Proof that .99999… is NOT equal to 1

Several years ago, while traveling with co-workers, the subject of .99999… ( that’s .9 with a bar over it, or .9 repeating infinitely ) being equal to 1 came up. While the assertion initially sounds absurd, a quick search on the internet will turn up a plethora of “proofs” and explanations why such an assertion is true. It seems that .99999… really does = 1. That is, at least, until one applies true analytical rigor to the proofs and finds that they are all fallacious.

It’s difficult to prove that everyone else ( including experts in the field ) is wrong and that some amateur with an argumentative streak ( me ) is right. And it should be. As the individual with a contrary viewpoint, the burden of proof should lie on me. To prove that .99999… is not equal to 1, I will first dismantle the common “proofs” that .99999… = 1. Then, because disproving something does not automatically make the alternately proposed answer true, I will prove my own assertion, that .99999… != 1.

Everyone agrees that 1/3 = .33333…

One of the most simplistic arguments that .99999… = 1 is that 1/3 = .33333… and if you multiply both by 3, you get the answer that 3/3 = .99999… Since 3/3 is obviously 1, .99999… must therefore also = 1. The problem here is, 1/3 is not perfectly equal to .33333… Even my early-school math teachers knew that fact. When first learning how to convert fractions to decimals, or decimals to fractions, we are told that .33333… is the “best approximation possible” for 1/3, not that they are actually equal numbers. Don’t believe me? Try to convert .33333… into 1/3. You can create 3/10, 33/100, 333/1000, 3333/10000, etc … but you can never create 1/3. In order for two numbers to be exactly equal to each other, you must be able to convert its visual representation both ways. The truth is, .33333… is just a ‘lazy’ approximation of 1/3. The two numbers are not actually equal.

If x = .99999…, then 10x = 9.99999… and 9x = 9, so x = 1

This proof of 10x -x is especially insidious, as it is a simple case of algebraic trickery. The trick behind this proof is that the troublesome part of the number, the infinitely repeating part, is simply removed by subtraction. We have extracted a finite portion of an infinitely repeating number through multiplication and algebraic trickery.

Because the refutation of this proof can be somewhat abstract and esoteric, let me approach it from a different angle. Show to me any finite representation of .99999… in which that number subtracted from 1 gives a non-zero answer. If you say to me that we cannot take a finite representation of an infinite number, then you have disproven 10x -x because it is therefore impossible to “resolve” a multiplication of x into 10x, because an infinite number cannot be finitely represented. The notation of 10x = 9.999… is inherently flawed. Let me show it mathematically:

The problem in this equation is that it assumes that there is no method by which an infinitesimally small value can be represented. Therefore, that infinitesimally small number ( the difference between that 0 at the ‘end of infinity’ in 10x and the 9 that would subtract from it in x ) is simply canceled and ignored through hand-waving and the statement that the problematic zero would never occur because infinity never ends.

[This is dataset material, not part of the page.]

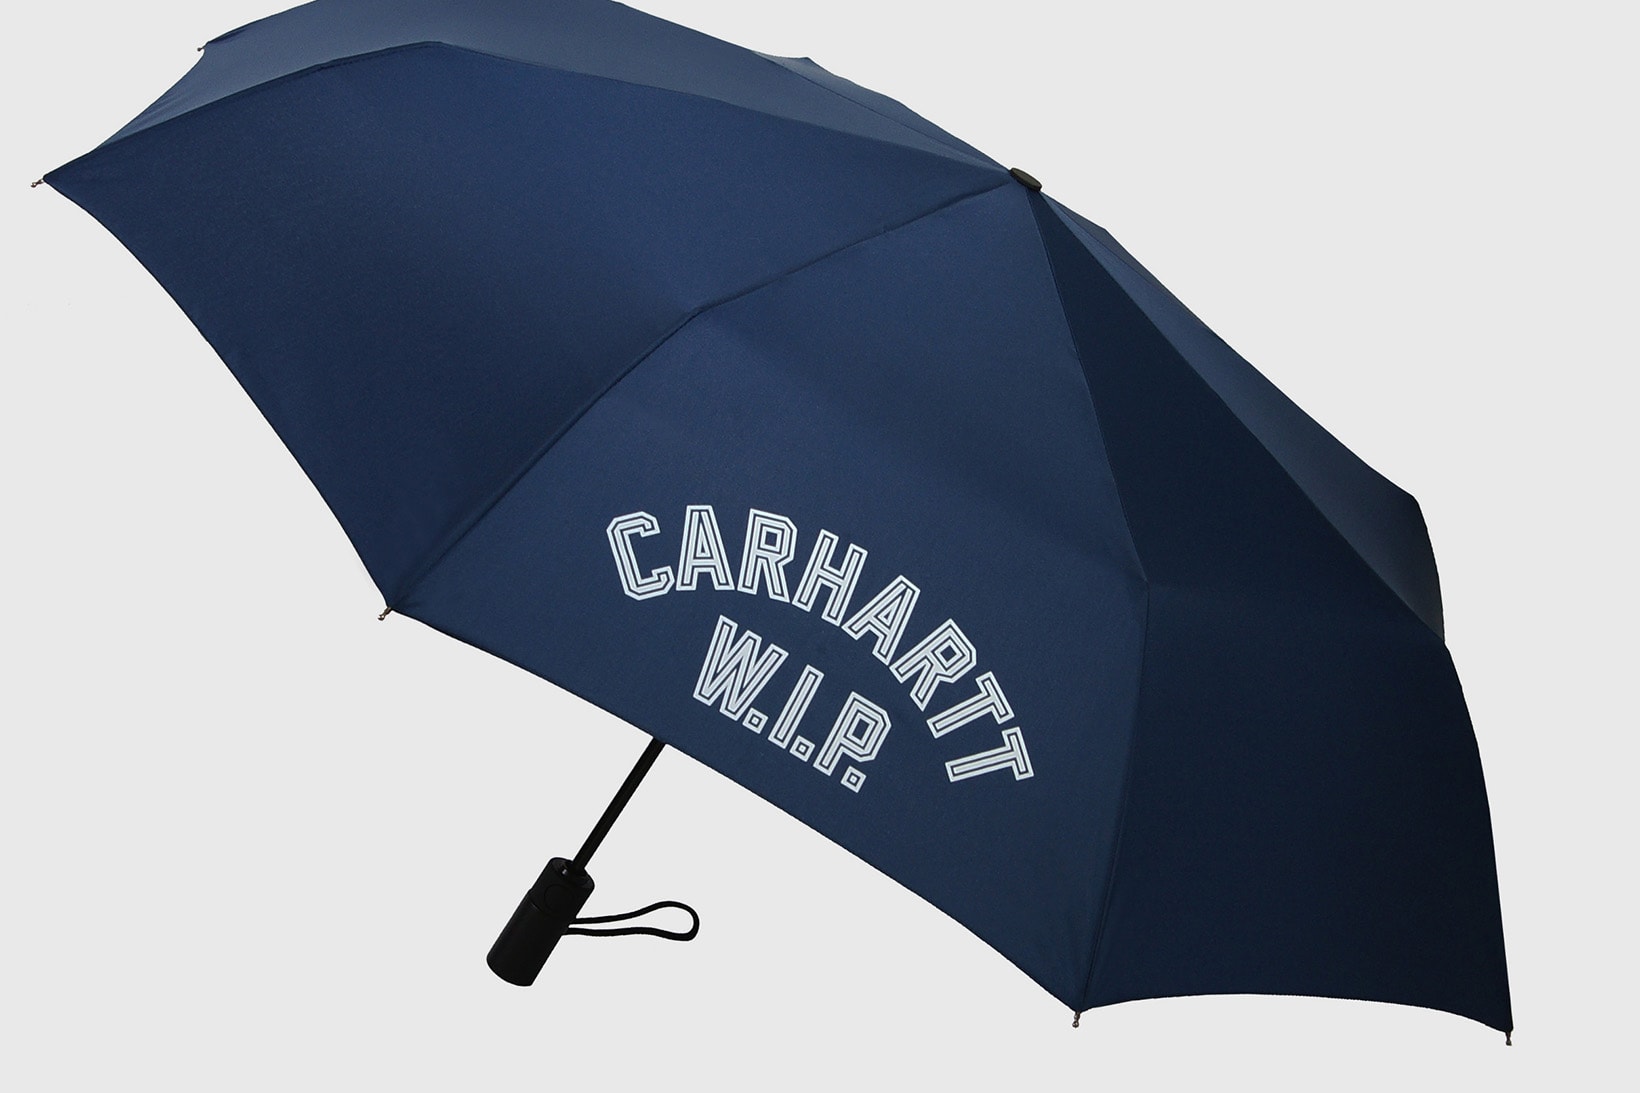 London Undercover x Carhartt WIP Umbrella
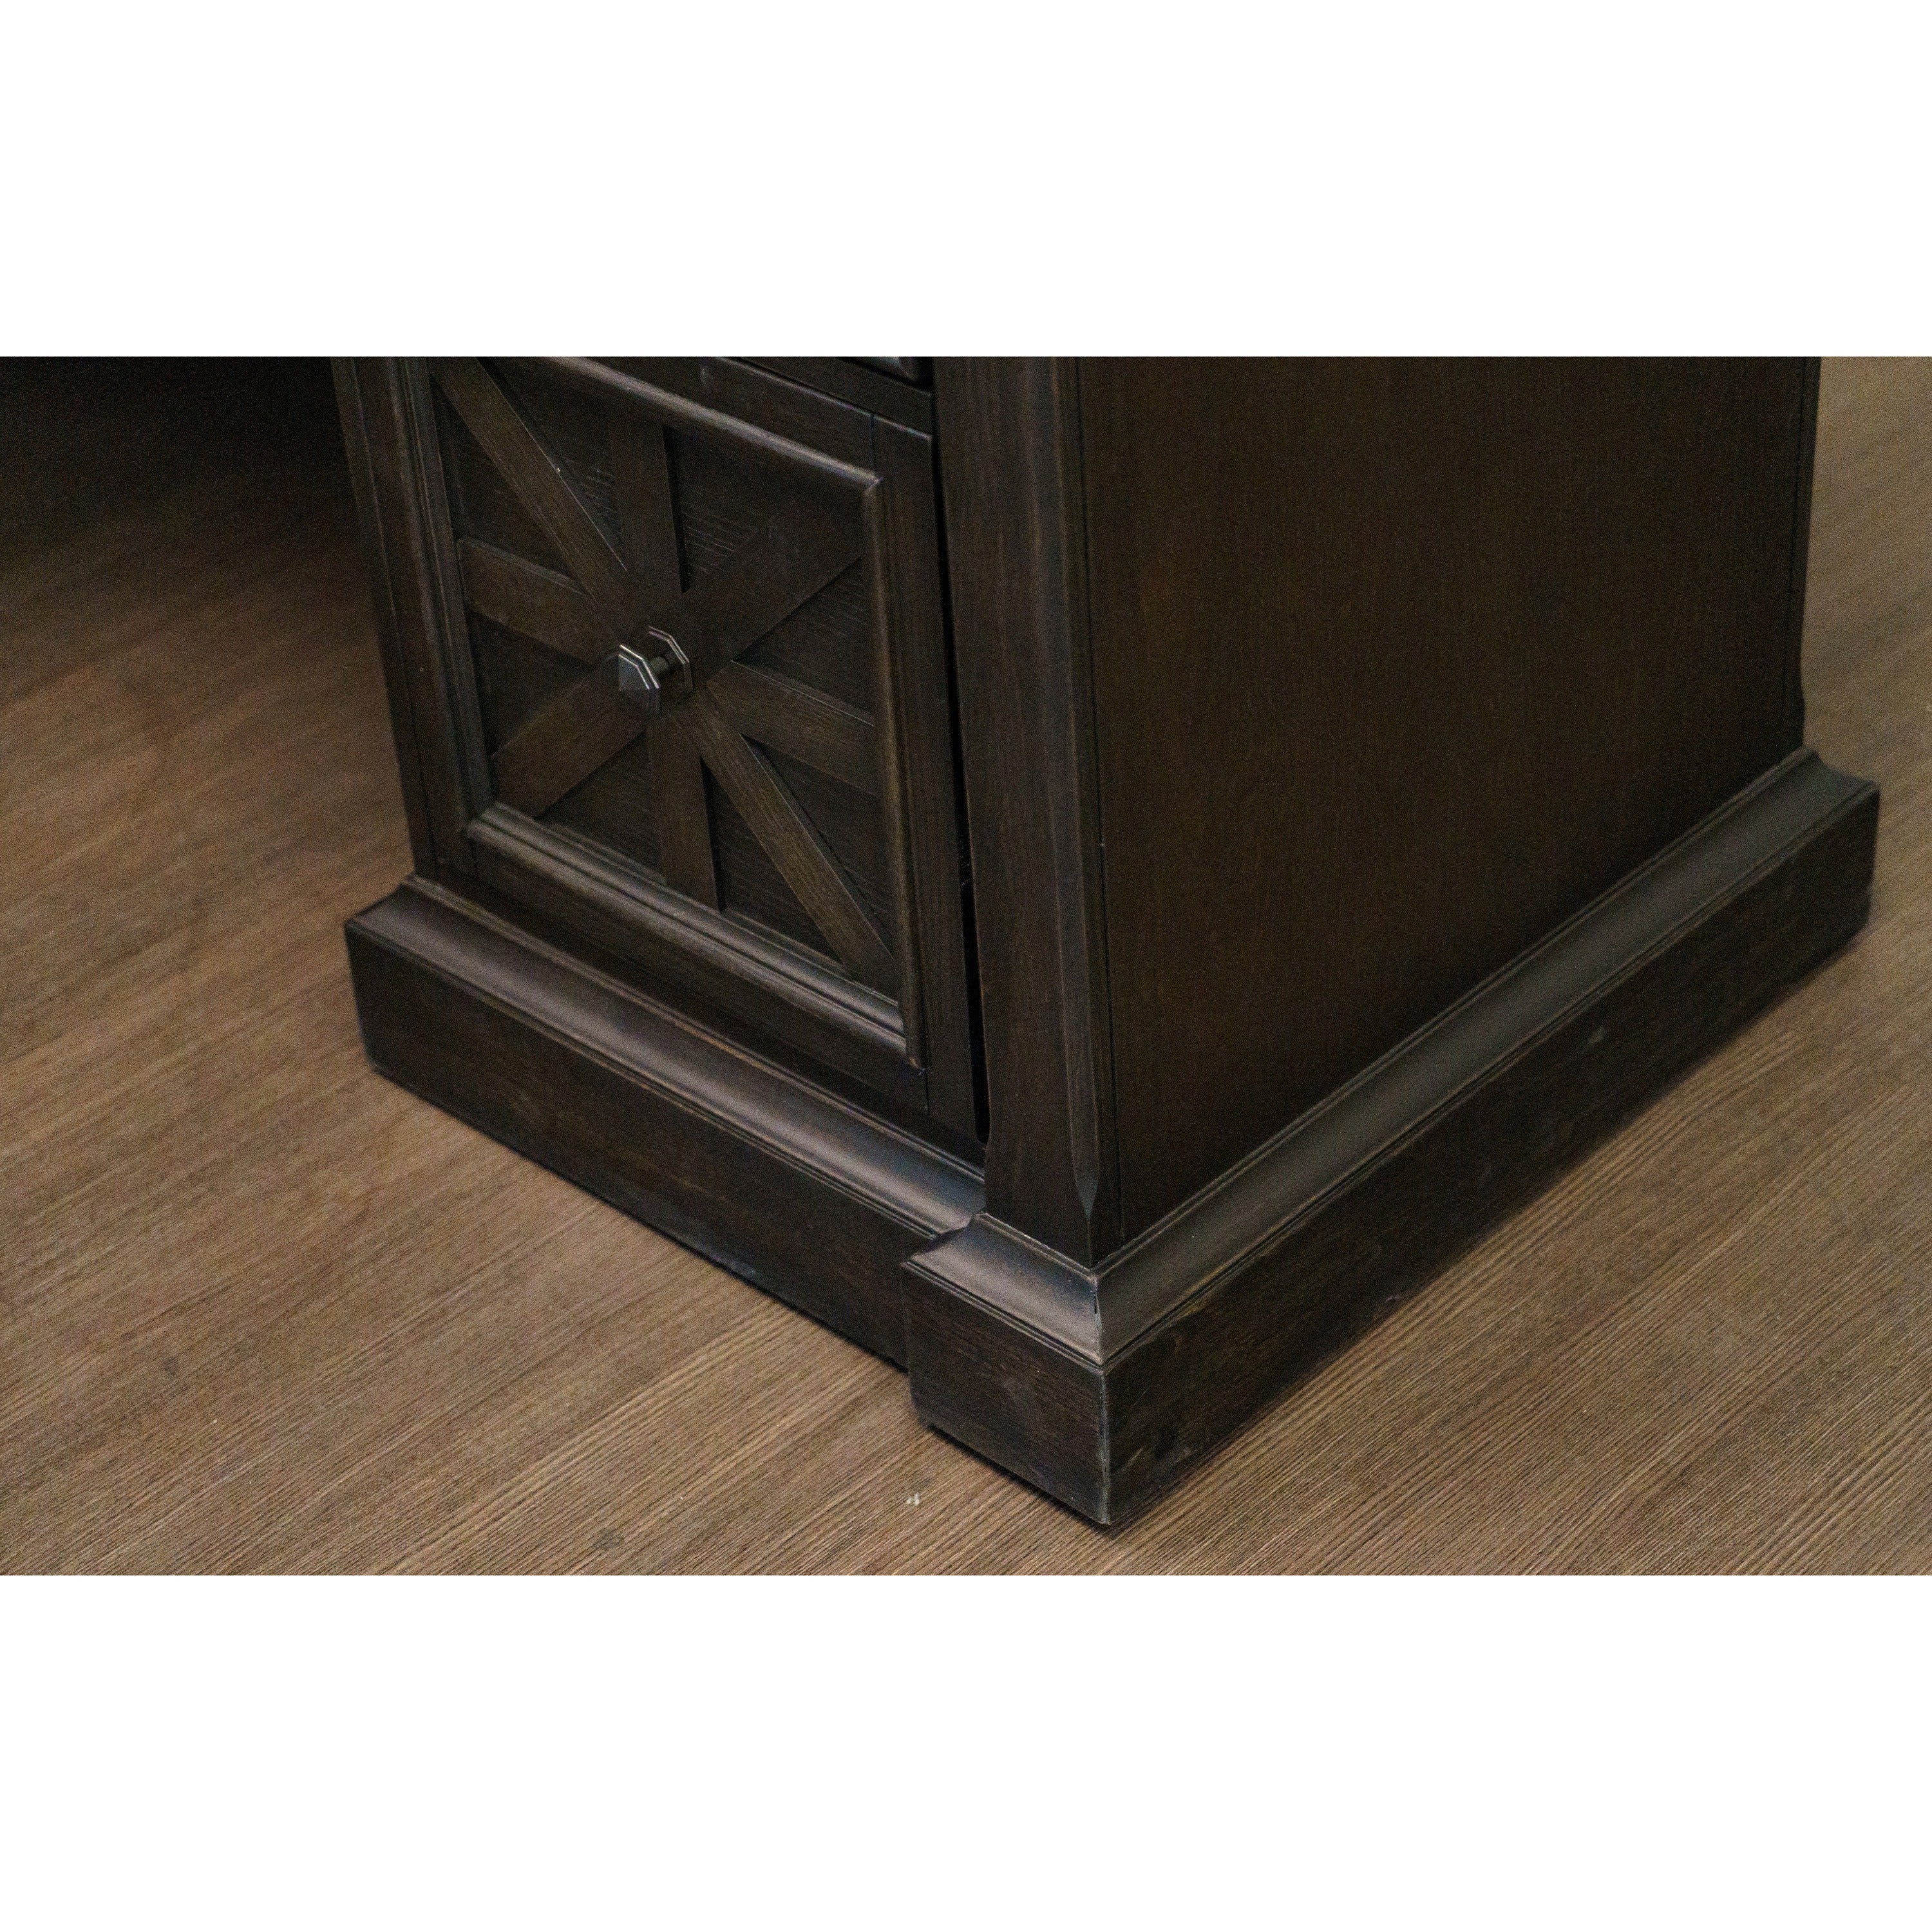 martin-kingston-desk-with-pedestal-box-1-of-2-66-x-3030-4-x-utility-file-drawers-material-wood-finish-dark-chocolate-rub-through_mrtimkn684r - 2

( Note: This explanation has been updated and made more rigorous thanks to a reply I received that challenged me to come up with a better refutation of the formula. Thank you. )

The smallest number that cannot be exceeded by any value in an infinite geometric series is, by definition, the sum of that series

An infinite geometric series is the sum of an infinite geometric sequence. An infinite geometric sequence is a sequence of numbers in which the ratio between consecutive terms is constant. In other words, { 2, 4, 8, 16, 32 … } is an infinite geometric sequence because each number is 2x the previous number. Similarly, 9/10 + 9/100 + 9/1000 + 9/10000 is a geometric series ( the sum of a geometric sequence ). And, of course, this geometric series is .99999… So what is the smallest number that cannot be exceeded by any value in this geometric series? The answer given by those proving that .99999… = 1 is, well, 1.

But why isn’t the number .99999…? .99999… certainly never exceeds .99999…, and that is the limit of the definition. Saying that the number must be 1 is an acceptance of ‘rounding’ the sum at a certain limit. In fact, some arguments directly acknowledge that .99999… = 1 by virtue that eventually, at some limit, the difference between the two numbers is so infinitesimally small that it does not matter. Essentially, there is an inherent admittance that the two numbers are not actually the same, but that they are so close together that they may as well be the same.